This assumption however is empirically unsatisfactory in the real world since agricultural transport costs play a key role when defining the spatial configuration of economic activity, especially in developing countries where an important part of their inhabitants is devoted to agricultural activities (Picard and Zeng, 2005).
A few Economic Geographers have researched the role of the transport costs of the agricultural good in core-periphery models. Nevertheless, no consensus had emerged about the impact of agricultural transport costs on agglomeration process. Fujita et al. (1999) find that an increase in agricultural transport costs causes dispersion as intensely as a rise in manufacturing transport costs.
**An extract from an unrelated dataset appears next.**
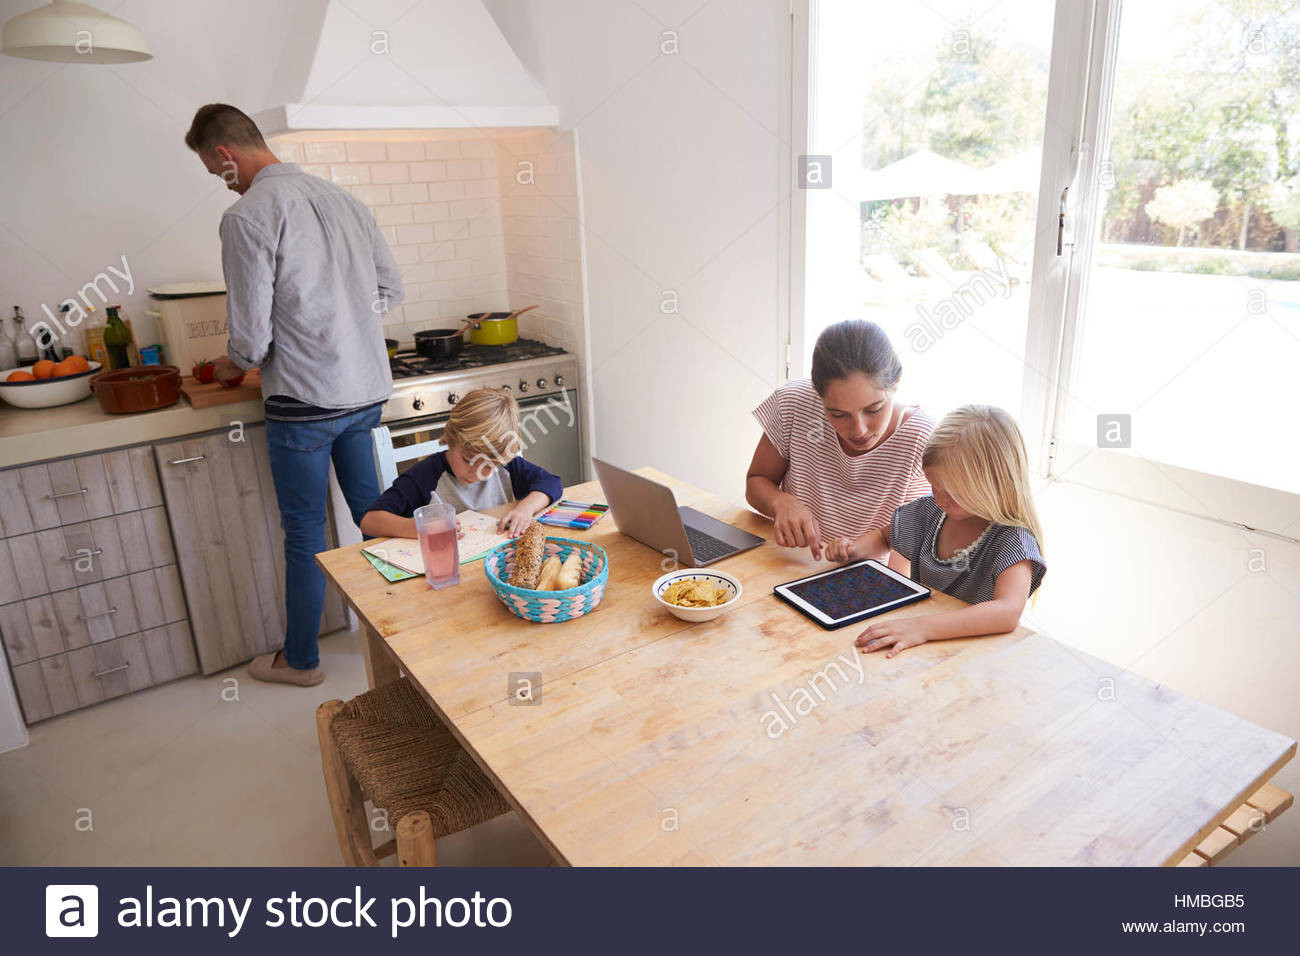 Kids Kitchen Table
 Dad cooking and mum with kids at kitchen table high angle

Davis (1998) finds that the assumption of free transport of the agricultural good is not inoffensive because dispersion emerges if the agricultural good is transported with identical positive cost as the manufactured goods. Yu (2005) finds that industry agglomeration may either disappear, be reversed, or remain when the transport costs of the agricultural good are positive.
This paper examines the impact of agricultural transport costs upon the firms’ incentives to disperse or to agglomerate in agriculture-related industries in Peru. By doing so, we employ a combination of nonparametric and parametric methods. First, using a nonparametric procedure developed by Duranton and Overman (2005), we find that agriculture-related industries do not exhibit strong localisation patterns. Only 1 out of 13 industries in our sample is highly localised at short distances whereas the remaining industries are dispersed or are localised at long distances with a significantly weaker degree of intensity.
We then explore cause-effect linkages between agricultural transport costs and industrial location using parametric conditional logit models. We find that the probability that a rural micro-geographic area has a firm highly localisation at short (long) distances is higher if it has low (high) agricultural transport costs. Likewise, weak localisation at long distances and dispersion patterns are explained by the interplay of high and low transportation costs in the agricultural sector. Thus, both high and low levels of agricultural transport costs operate as dispersion forces that ultimately cause dispersion of economic activities in agriculture-related industries.
These results argue in favour of the branch of the Economic Geography literature that supports the positive relationship between agricultural transport costs and dispersion of economic activities.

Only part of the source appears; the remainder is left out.